What needs to be done: Copy out, word for word, the lines from the start of the data below through the line containing "Comma Kurzarmshirt T-Shirt", and no others.

(Source records)
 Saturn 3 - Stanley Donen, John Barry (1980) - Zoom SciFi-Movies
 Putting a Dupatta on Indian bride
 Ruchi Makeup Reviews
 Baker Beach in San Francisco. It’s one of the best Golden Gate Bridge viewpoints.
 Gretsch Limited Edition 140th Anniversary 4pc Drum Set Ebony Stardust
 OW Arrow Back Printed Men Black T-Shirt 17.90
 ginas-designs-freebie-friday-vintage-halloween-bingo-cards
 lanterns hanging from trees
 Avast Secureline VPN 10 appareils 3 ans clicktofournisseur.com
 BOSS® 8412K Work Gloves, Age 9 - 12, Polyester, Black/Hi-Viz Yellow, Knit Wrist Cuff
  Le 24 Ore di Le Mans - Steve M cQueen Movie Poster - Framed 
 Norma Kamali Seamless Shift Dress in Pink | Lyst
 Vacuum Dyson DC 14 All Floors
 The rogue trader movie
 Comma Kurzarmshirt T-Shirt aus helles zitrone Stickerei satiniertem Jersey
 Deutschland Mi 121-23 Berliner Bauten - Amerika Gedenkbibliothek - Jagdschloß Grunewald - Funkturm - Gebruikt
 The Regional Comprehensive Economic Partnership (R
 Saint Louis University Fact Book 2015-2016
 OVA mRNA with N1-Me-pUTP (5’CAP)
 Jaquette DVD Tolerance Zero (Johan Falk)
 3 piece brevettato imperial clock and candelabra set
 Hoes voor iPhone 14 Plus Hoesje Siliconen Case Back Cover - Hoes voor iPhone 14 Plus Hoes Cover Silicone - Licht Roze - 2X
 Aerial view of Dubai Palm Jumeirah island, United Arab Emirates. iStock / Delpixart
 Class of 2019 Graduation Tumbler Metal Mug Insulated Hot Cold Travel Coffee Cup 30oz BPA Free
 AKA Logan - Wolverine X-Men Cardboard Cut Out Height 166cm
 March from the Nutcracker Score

Output:
 Saturn 3 - Stanley Donen, John Barry (1980) - Zoom SciFi-Movies
 Putting a Dupatta on Indian bride
 Ruchi Makeup Reviews
 Baker Beach in San Francisco. It’s one of the best Golden Gate Bridge viewpoints.
 Gretsch Limited Edition 140th Anniversary 4pc Drum Set Ebony Stardust
 OW Arrow Back Printed Men Black T-Shirt 17.90
 ginas-designs-freebie-friday-vintage-halloween-bingo-cards
 lanterns hanging from trees
 Avast Secureline VPN 10 appareils 3 ans clicktofournisseur.com
 BOSS® 8412K Work Gloves, Age 9 - 12, Polyester, Black/Hi-Viz Yellow, Knit Wrist Cuff
  Le 24 Ore di Le Mans - Steve M cQueen Movie Poster - Framed 
 Norma Kamali Seamless Shift Dress in Pink | Lyst
 Vacuum Dyson DC 14 All Floors
 The rogue trader movie
 Comma Kurzarmshirt T-Shirt aus helles zitrone Stickerei satiniertem Jersey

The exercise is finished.